Top of INPUT MATERIAL

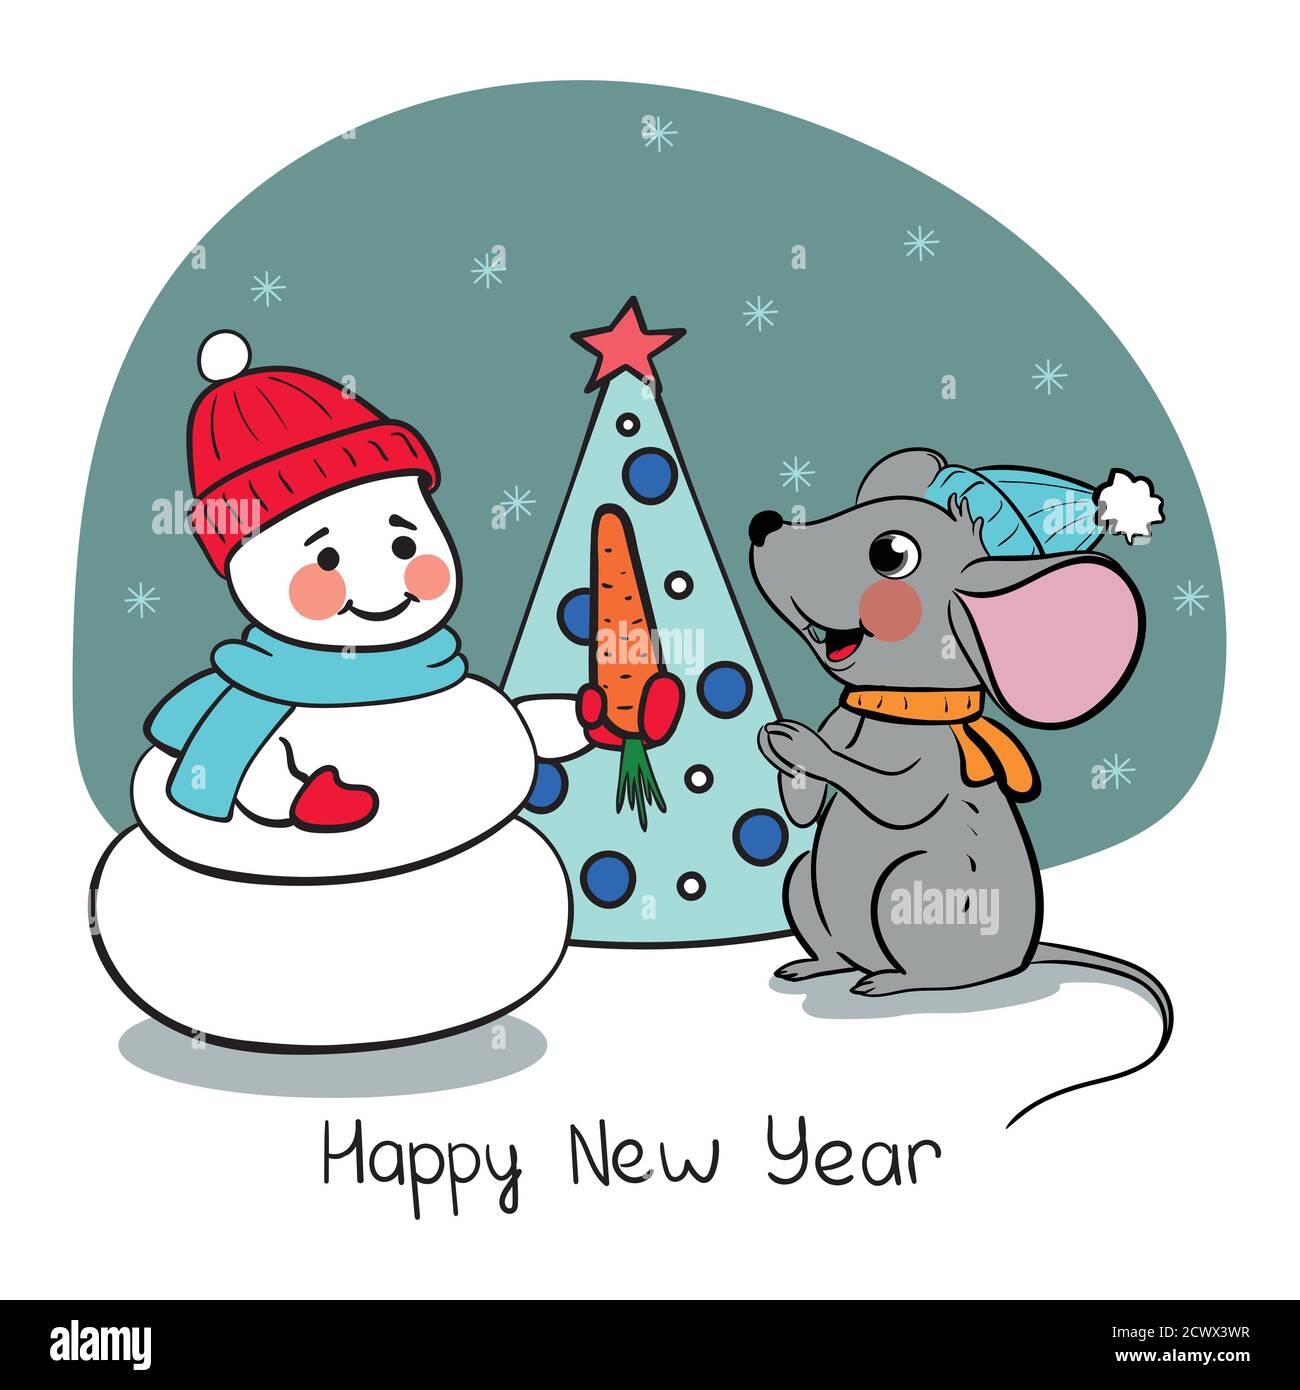 Card with cute little mouse and snowman: Happy New Year. Vector illustration in red and blue for Christmas posters, cards, gift tags Stock Vector
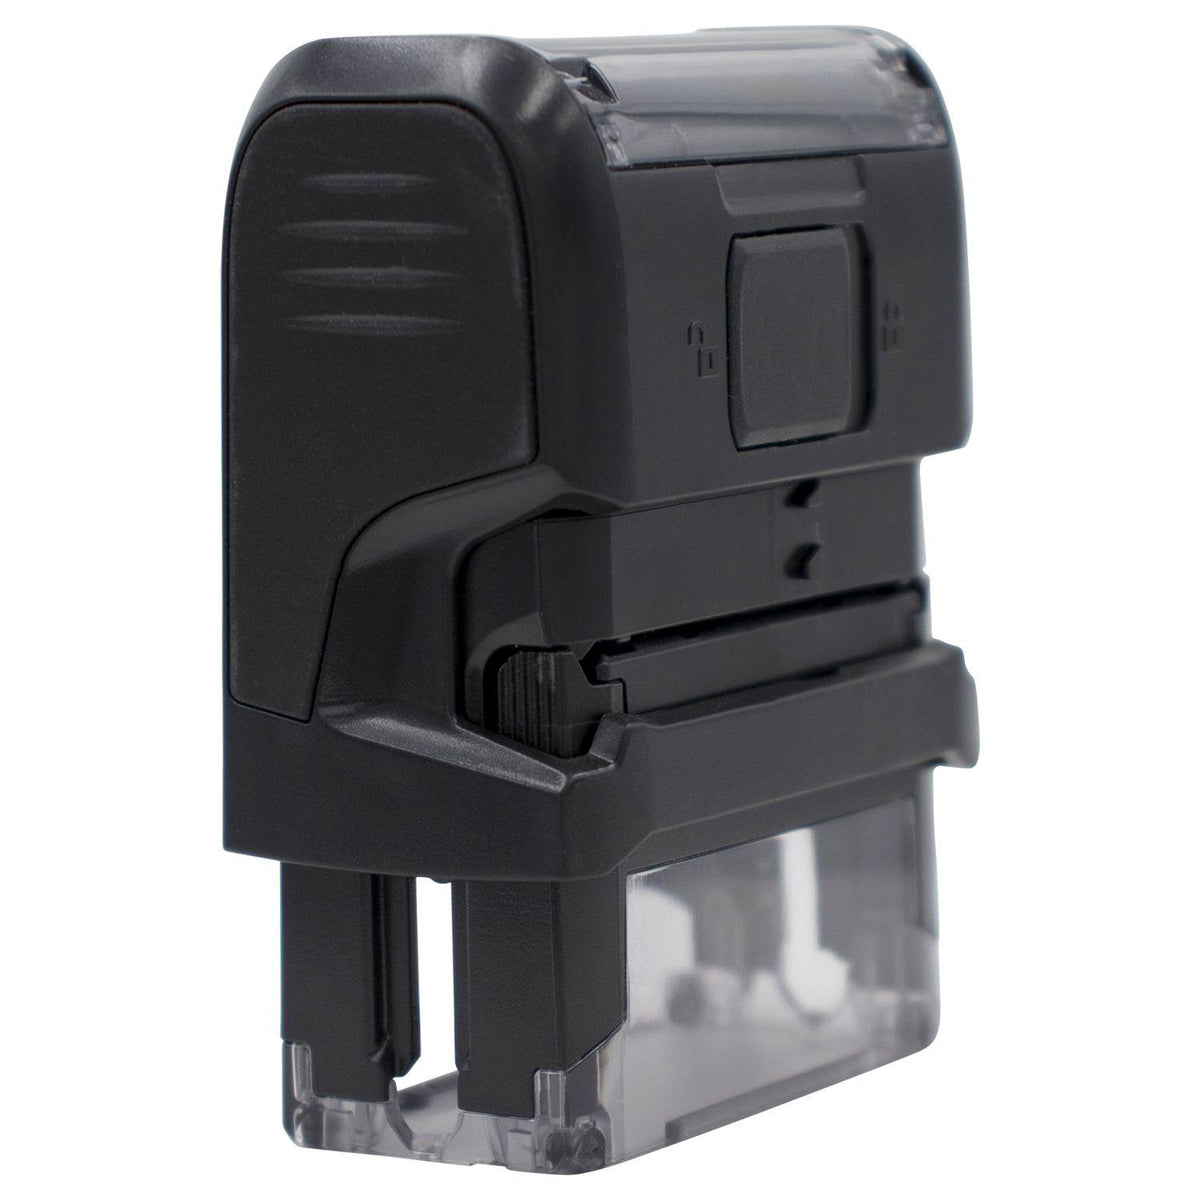 Large Self Inking Application Complete Stamp Back View
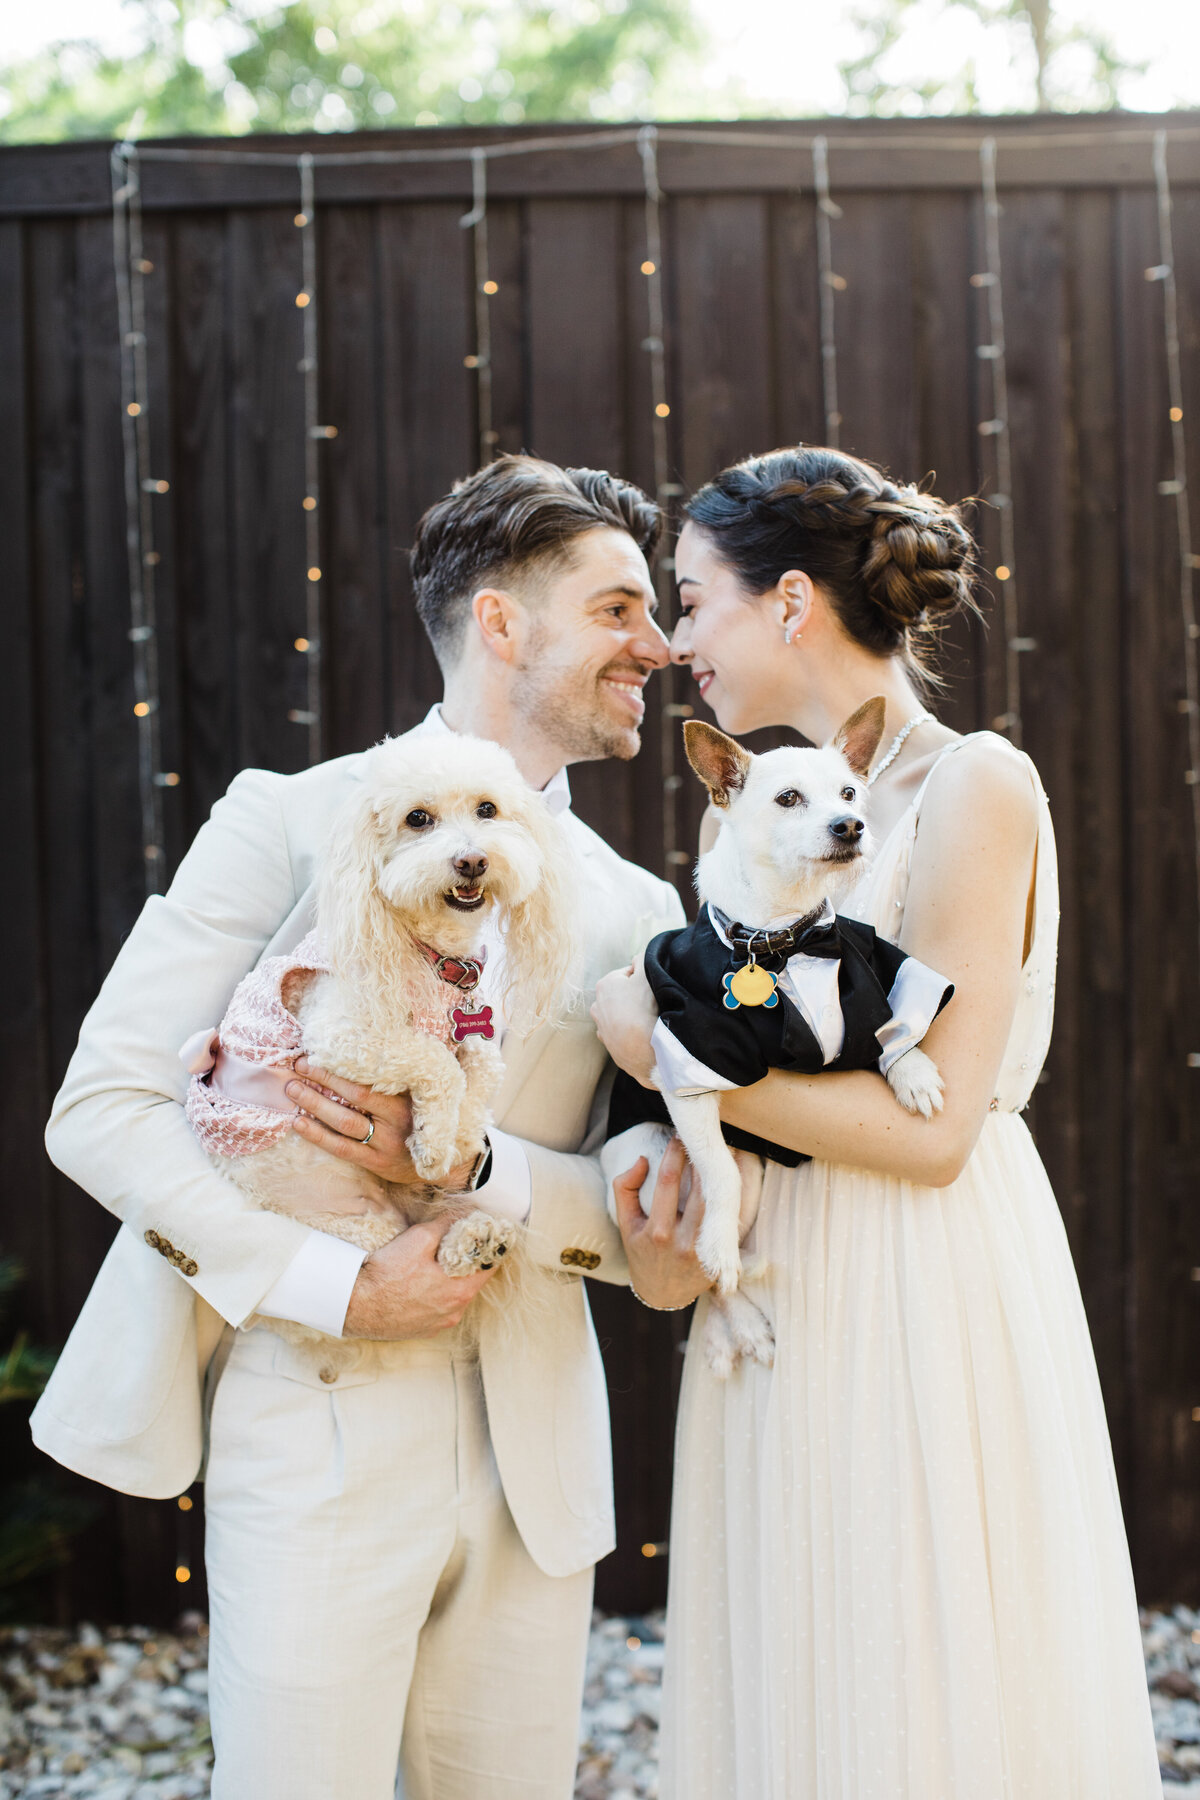 Portrait of a bride, groom, and their two dogs posing in front of a fence covered in string lights during their elopement in Dallas, Texas. The bride is on the right and is wearing a short sleeve, white dress. She's holding a short haired, white dog wearing a little dg tuxedo with a bowtie on his collar. The groom is on the left and is wearing a cream suit. He's holding a curly haired, white dog who's wearing a detailed dog wedding dress.
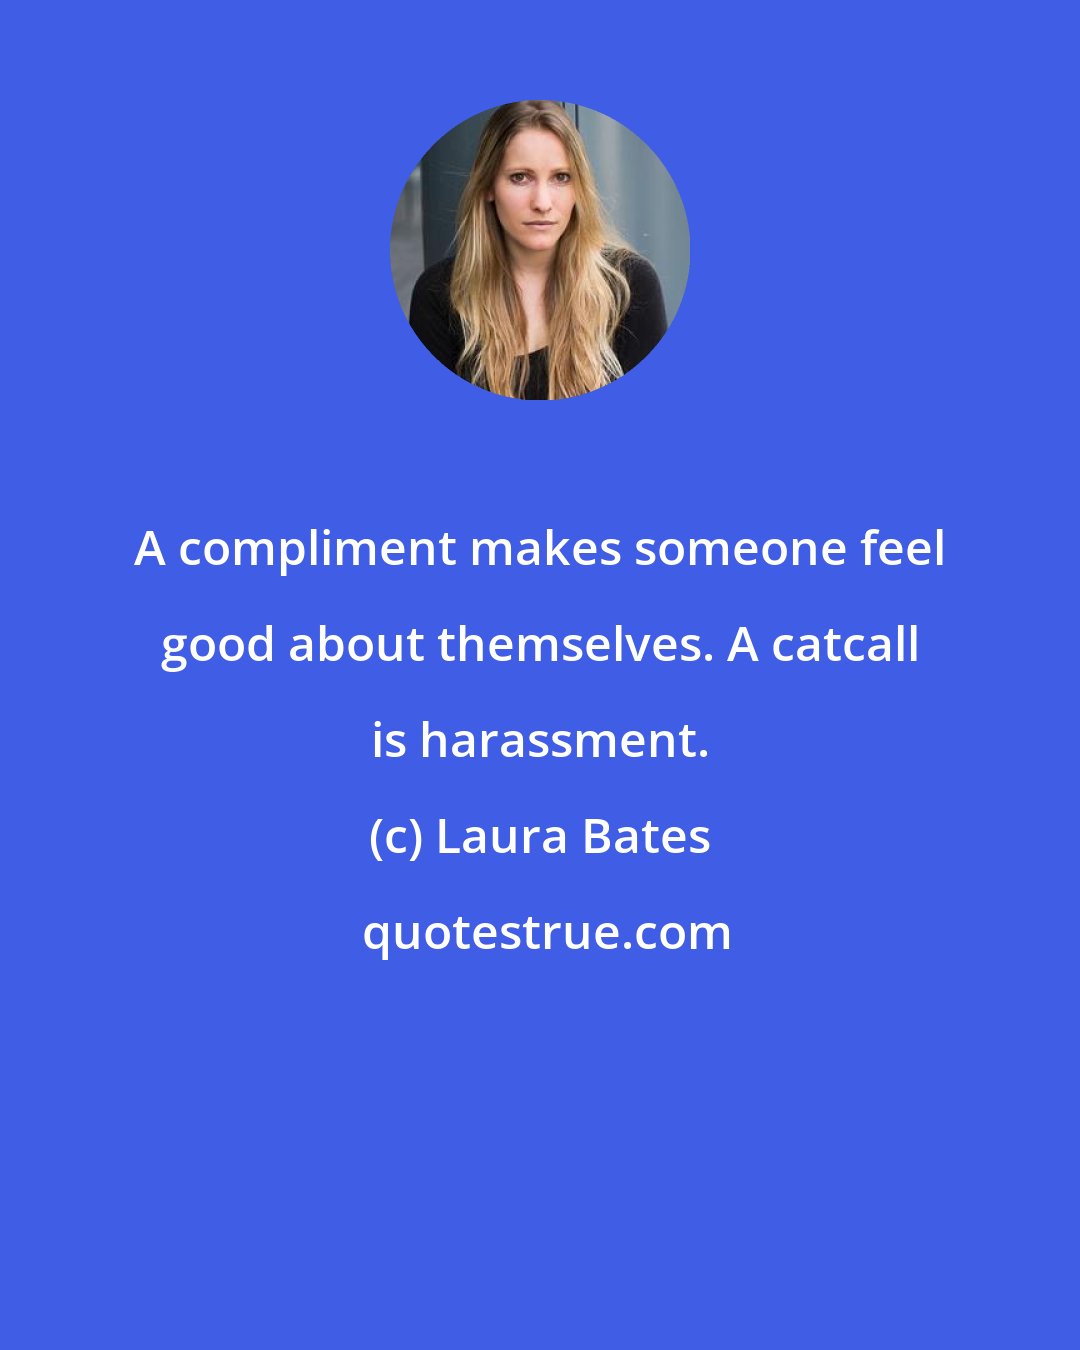 Laura Bates: A compliment makes someone feel good about themselves. A catcall is harassment.
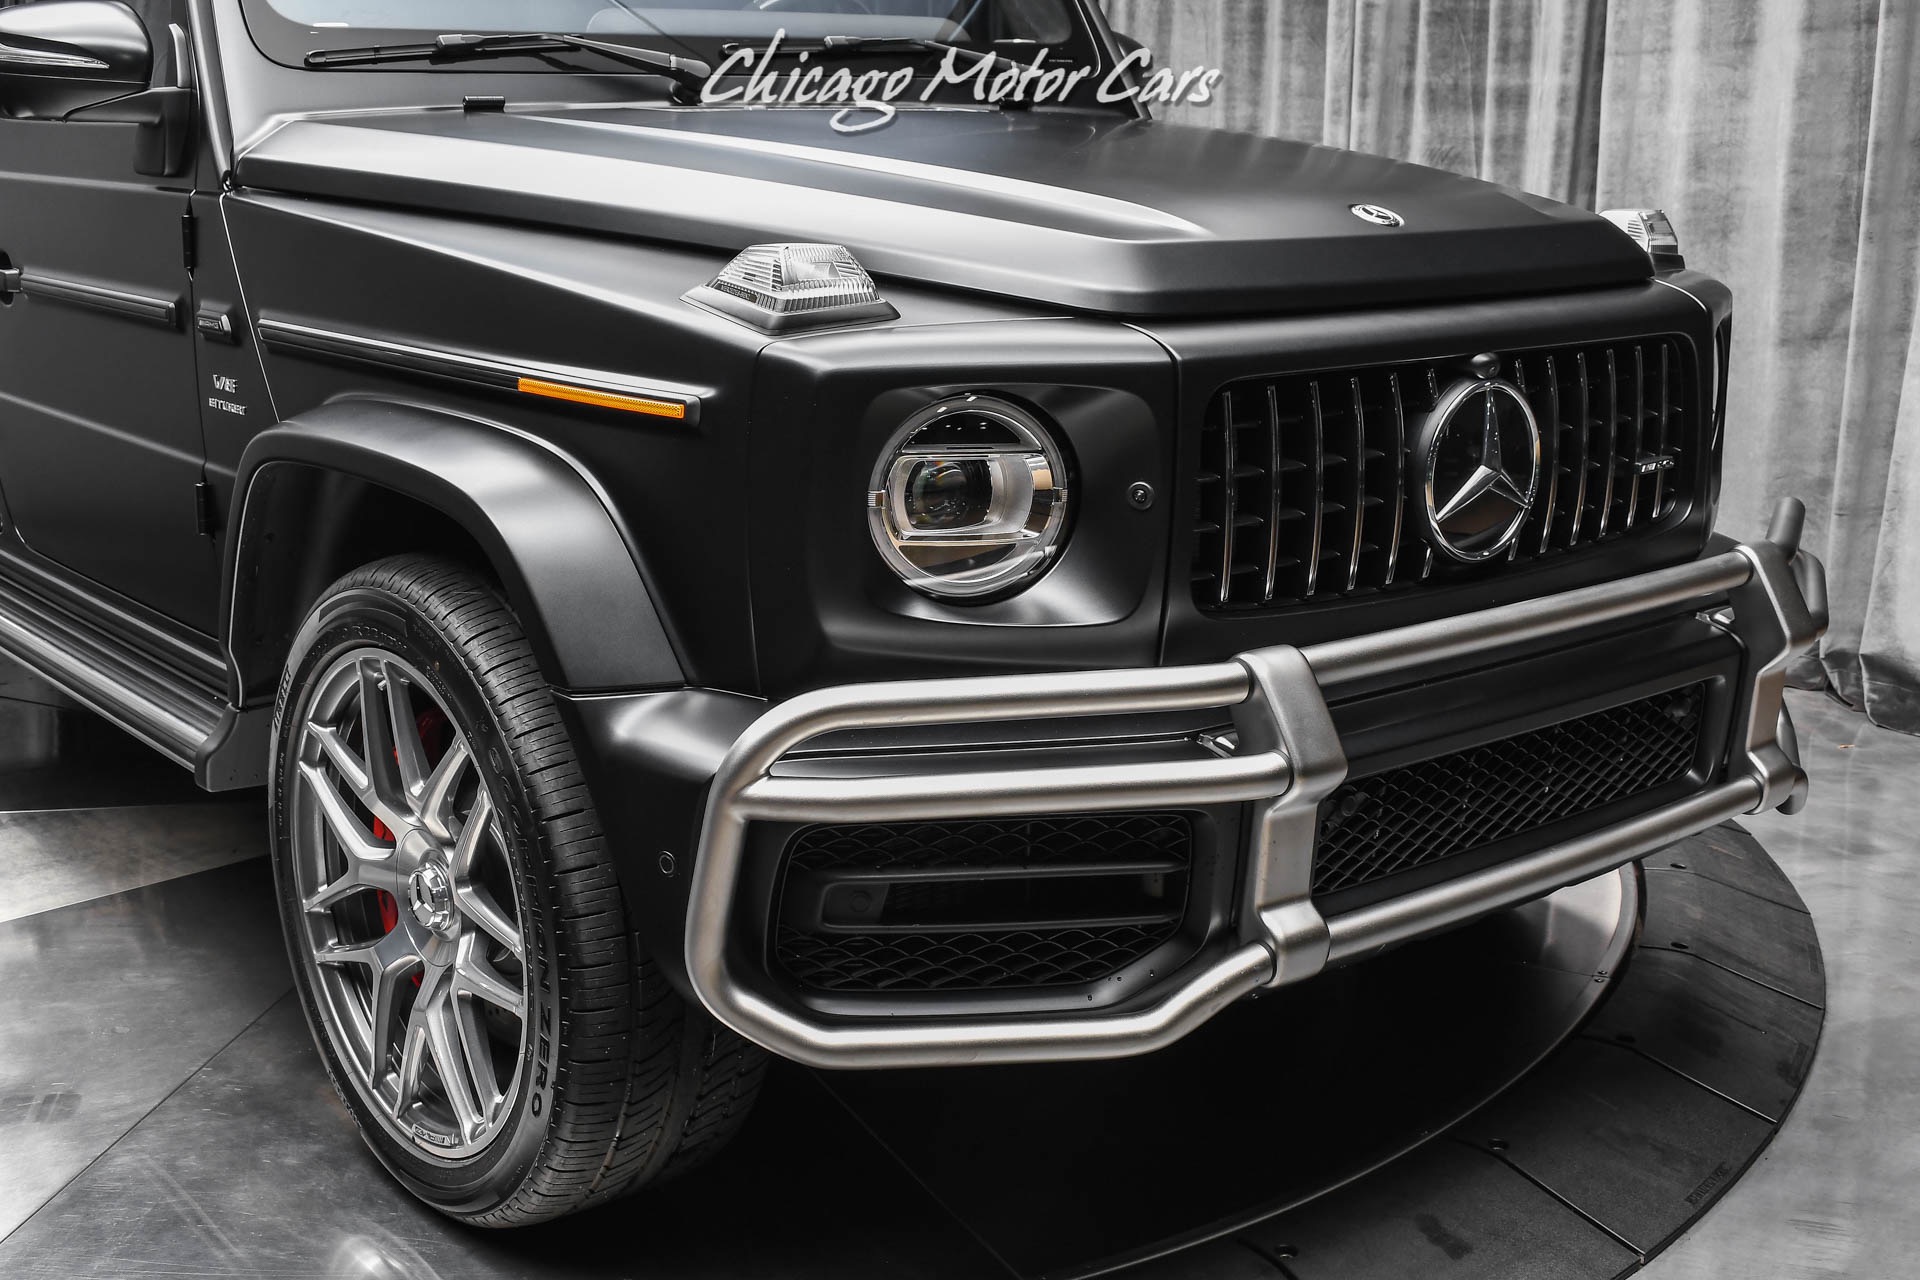 Used 21 Mercedes Benz G63 Amg G63 4matic Exclusive Interior Package Carbon Fiber Magno Black For Sale Special Pricing Chicago Motor Cars Stock

Bottom of INPUT MATERIAL

→ TASK REQUIREMENTS
Could you repeat, exactly and with nothing added, the lines from the top of the entries above through the line that holds "Large Self Inking", leaving out any pictures?

→ REPLY
 Card with cute little mouse and snowman: Happy New Year. Vector illustration in red and blue for Christmas posters, cards, gift tags Stock Vector
 Large Self Inking Application Complete Stamp Back View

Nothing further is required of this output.